29 février 2024. Insomnies
J’ai recompté plusieurs fois. Pour être sûr. Le sommeil n’est pas venu.
Mille ! Peut-être plus. Ça fait une sacrée cargaison de prétextes, d’excuses, et d’arguments pour consoler un moral abîmé. Certains comptent les moutons ; j’additionne les raisons de me détourner de mon objectif, de m’amener vers l’échec. Pour occuper mon insomnie, les mille raisons deviennent mots, les mots deviennent phrases. Sans l’avoir prémédité, mon esprit démarre un récit. Soit ! Je m’éclipse de la chambre assoupie pour saisir un carnet de notes.
Le soleil se lèvera dans quelques heures. En attendant, j’ouvre par ces quelques lignes le premier chapitre de ma nouvelle vie d’athlète amateur. J’ai décidé de consacrer, de gâcher peut-être, six mois de ma vie à un caprice. Un défi. Une obsession. UTMB. Je me prosterne devant quatre lettres qui font rêver les aventuriers de course en montagne, Une Toute Mignonne Balade.
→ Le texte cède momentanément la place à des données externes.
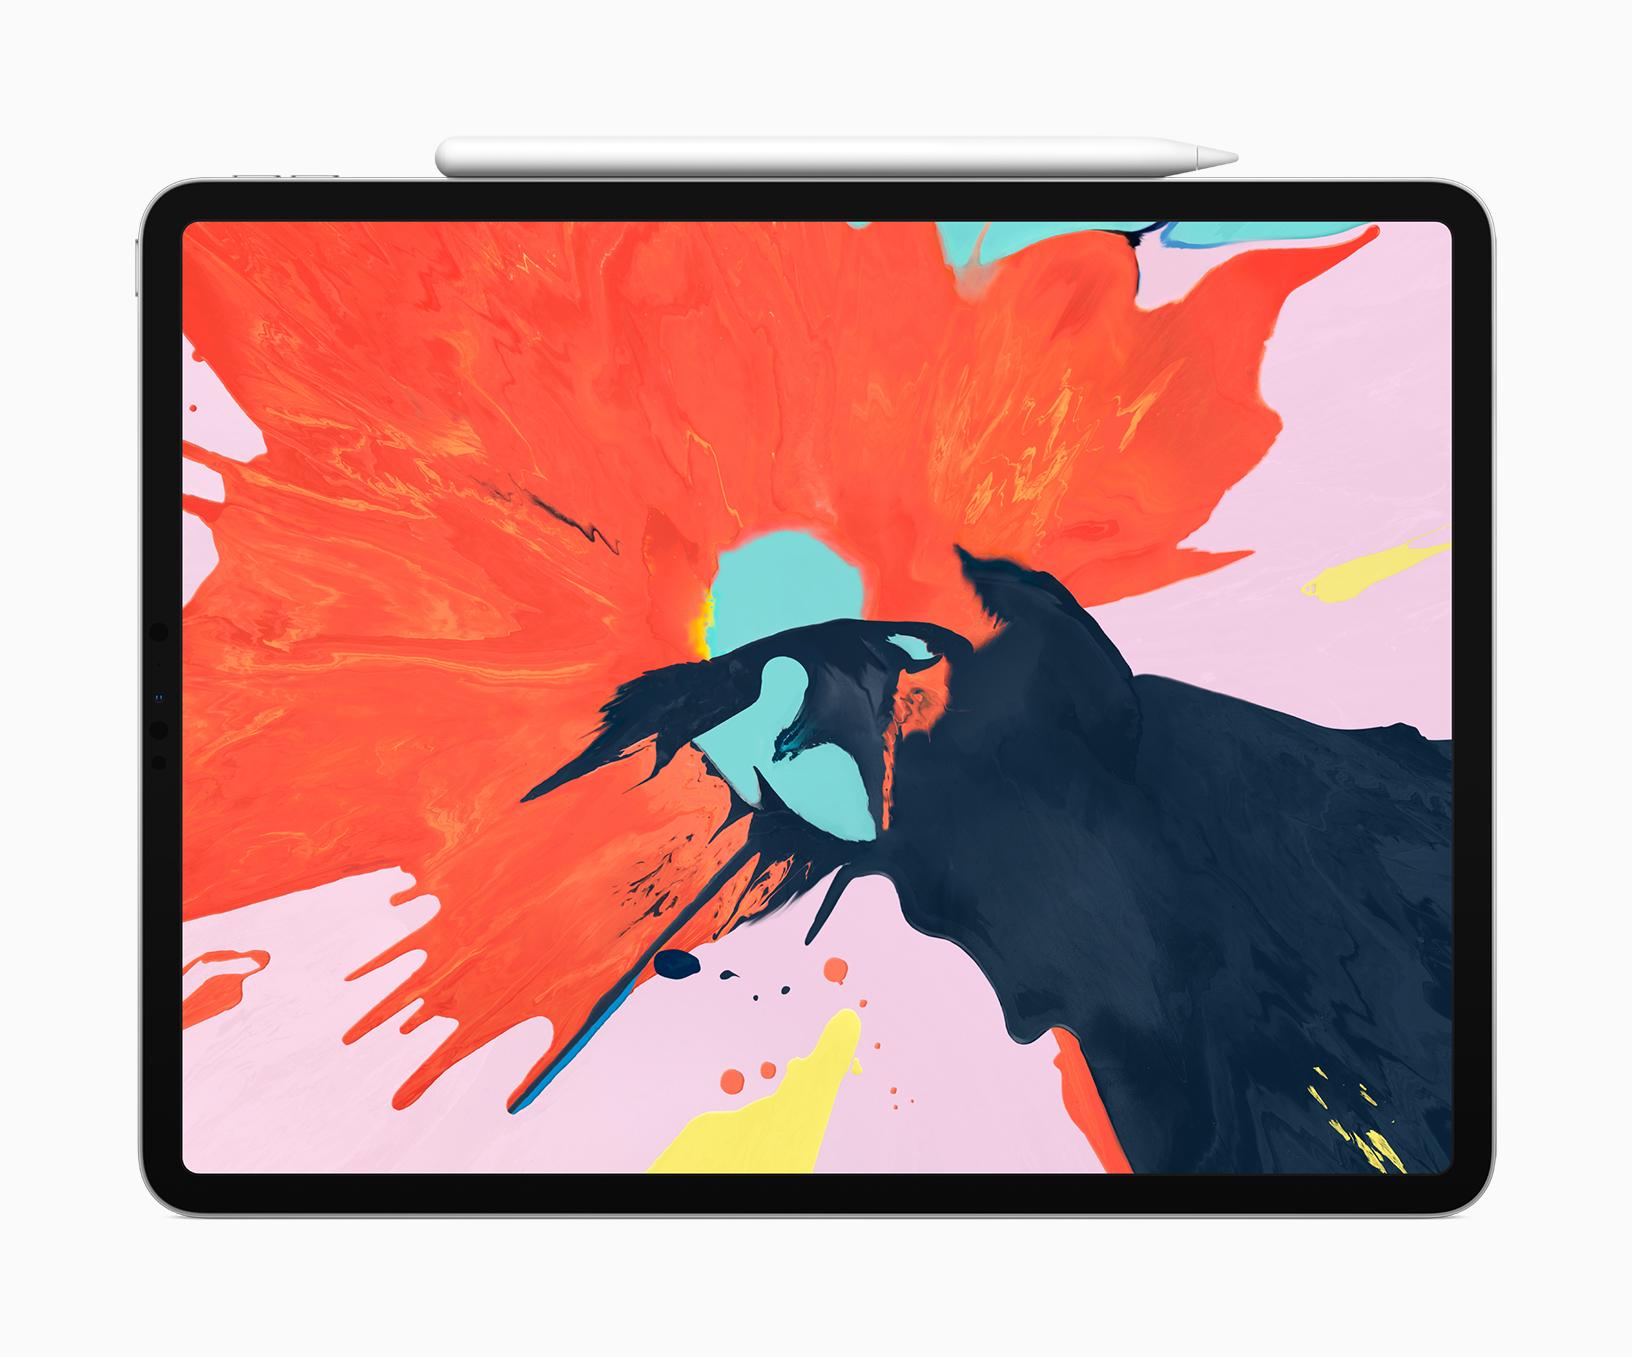 iPad Pro 2018, tutto quel che vi serve sapere

Il me reste 180 jours pour préparer ce rêve insensé. J’ai forcément une pensée pour mes proches. On me trouvait pénible avant, à raconter mes entraînements, mes courses et mes doutes ; je m’apprête à devenir carrément insupportable. Pour leur éviter de subir mes élucubrations durant les repas de famille ou à la machine à café, je consignerai mes états d’âme sur le papier. Un chapitre par semaine, pour tenir le cap.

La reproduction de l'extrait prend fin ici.